You need to agree to share your contact information to access this model

This repository is publicly accessible, but you have to accept the conditions to access its files and content.

Log in or Sign Up to review the conditions and access this model content.

Lit2Vec Subfield Classifier (MLP)

Multi-label classifier for chemistry subfields using dense text embeddings.

Repo: https://huggingface.co/Bocklitz-Lab/lit2vec-subfield-classifier-model Dataset: https://huggingface.co/datasets/Bocklitz-Lab/lit2vec-subfield-classifier-dataset


Model Summary

This model is a Keras MLP for multi-label classification of chemistry-related scientific texts. It consumes a dense embedding vector and predicts one or more subfields (e.g., Catalysis, Energy Chemistry, Materials Science).

  • Input: dense embedding vector (embedding from the dataset)
  • Output: 18 sigmoid probabilities (one per subfield)
  • Task: multilabel text classification (thresholded at 0.5 by default)
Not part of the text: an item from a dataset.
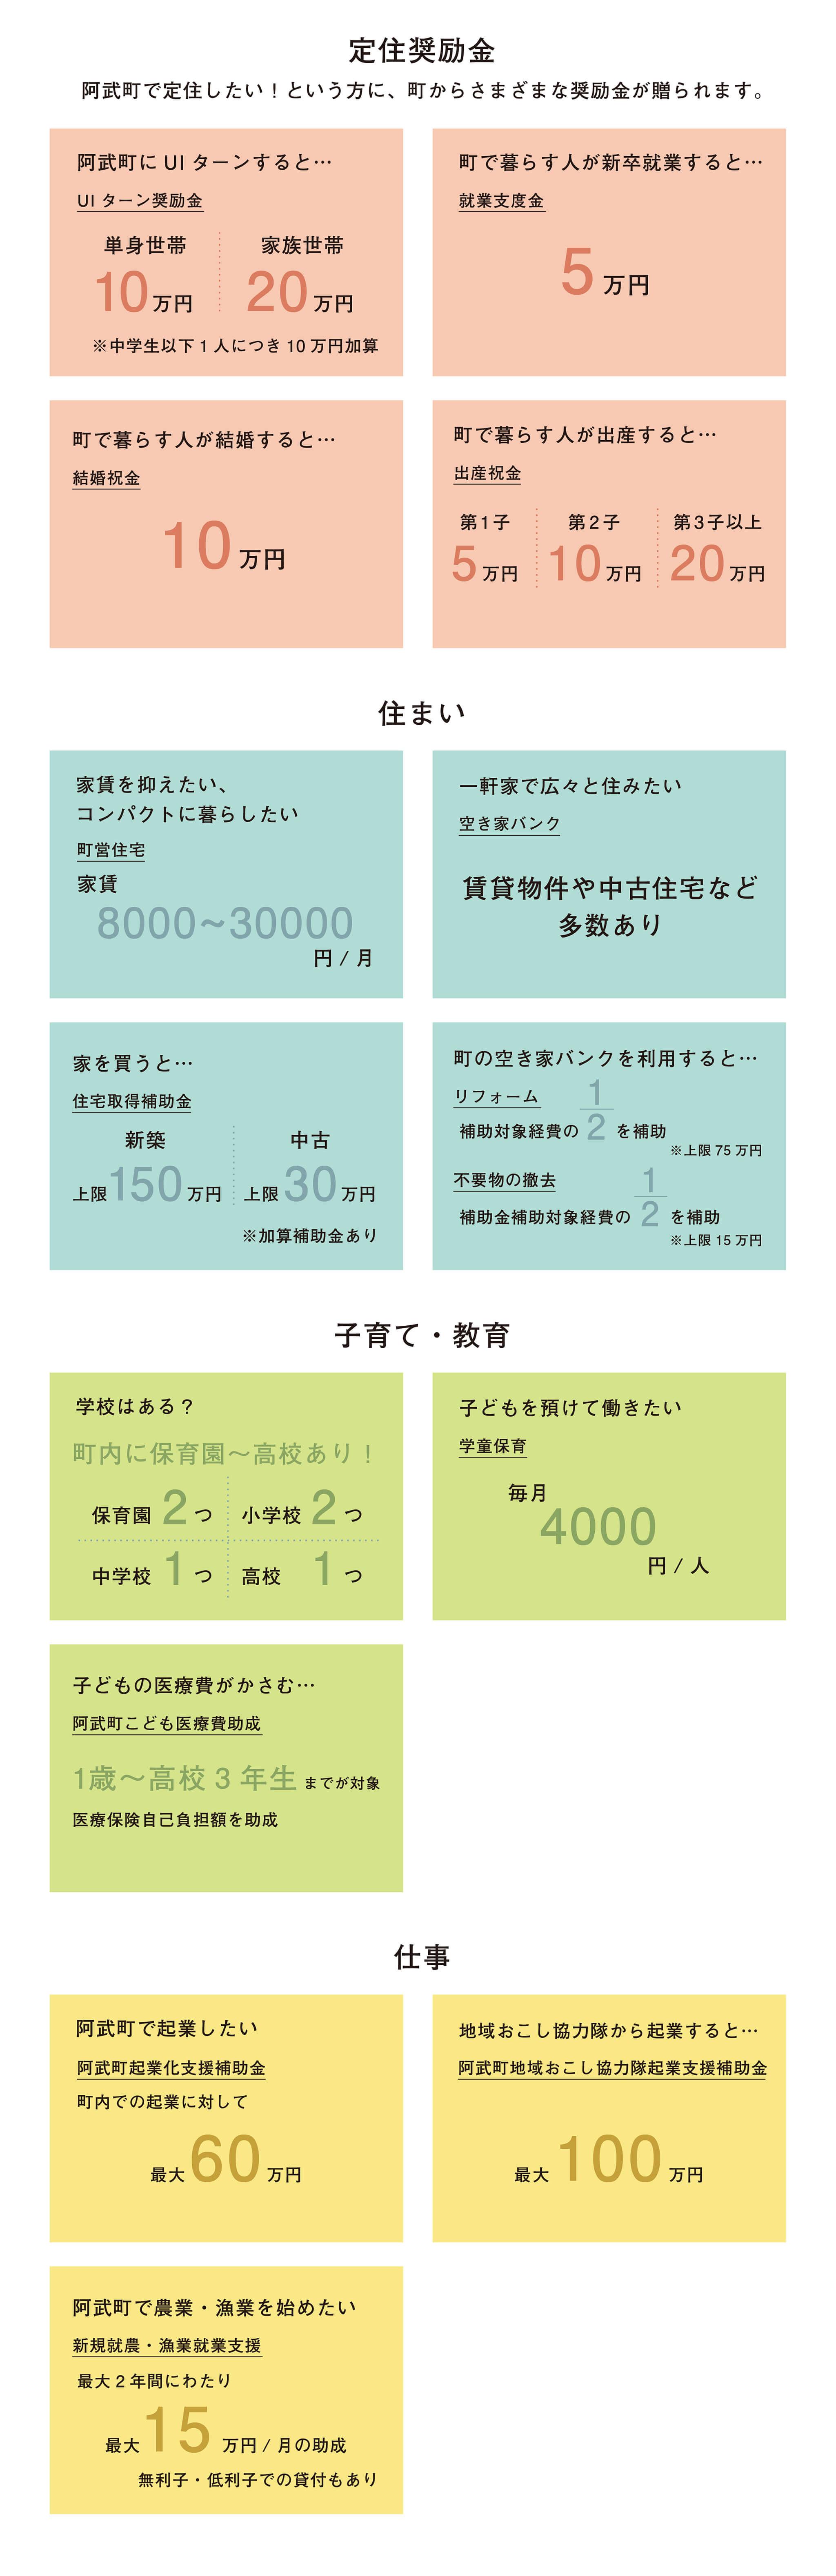 山口県阿武町の移住者・定住者支援制度一覧。定住奨励金などあり!
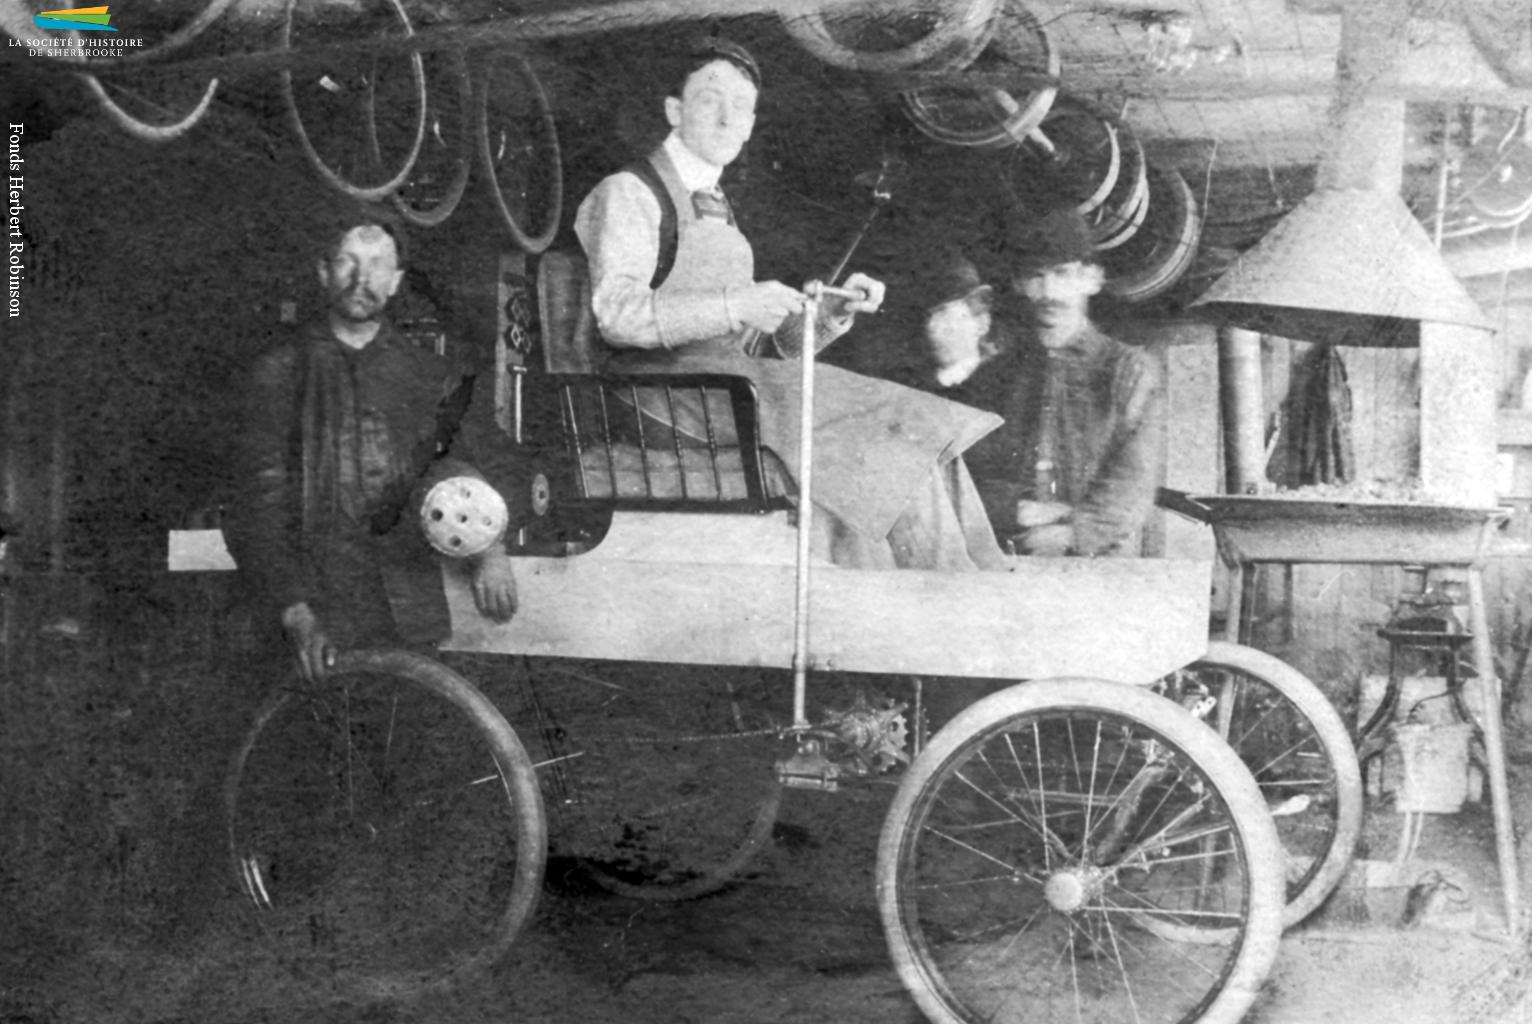 La première voiture à essence construite au Canada serait l'œuvre du Sherbrookois George Foote Foss, qui l'aurait mise au point en 1897. Sur cette photo on voit M. Foss sur sa <em>Fossmobile</em> dans son atelier. Un autre habitant de Sherbrooke, Joseph Fréchette, construit lui aussi une automobile en 1901, et une seconde en 1902.

Intended Use & Limitations

Intended use

  • Subfield tagging for chemistry abstracts/summaries
  • Metadata enrichment for literature databases
  • Retrieval, filtering, and analytics

Limitations

  • Trained only on chemistry texts → may not generalize to other domains
  • Requires the same embedding space as the dataset encoder (raw text is not accepted directly)
  • Long-tail subfields (few examples) may have lower F1

Labels

ID Subfield
0 Catalysis
1 Organic Chemistry
2 Polymer Chemistry
3 Inorganic Chemistry
4 Materials Science
5 Analytical Chemistry
6 Physical Chemistry
7 Biochemistry
8 Environmental Chemistry
9 Energy Chemistry
10 Medicinal Chemistry
11 Chemical Engineering
12 Supramolecular Chemistry
13 Radiochemistry & Nuclear Chemistry
14 Forensic & Legal Chemistry
15 Food Chemistry
16 Chemical Education
17 Others

The repo includes label_mapping.json.


Training Details

  • Framework: TensorFlow/Keras

  • Architecture:

    • Input → Dense(256, ReLU) → (BatchNorm) → Dropout(0.3)
    • Dense(256, ReLU) → (BatchNorm) → Dropout(0.3)
    • Output: Dense(18, sigmoid)
  • Loss: Weighted Binary Cross-Entropy (per-class weights from train frequency)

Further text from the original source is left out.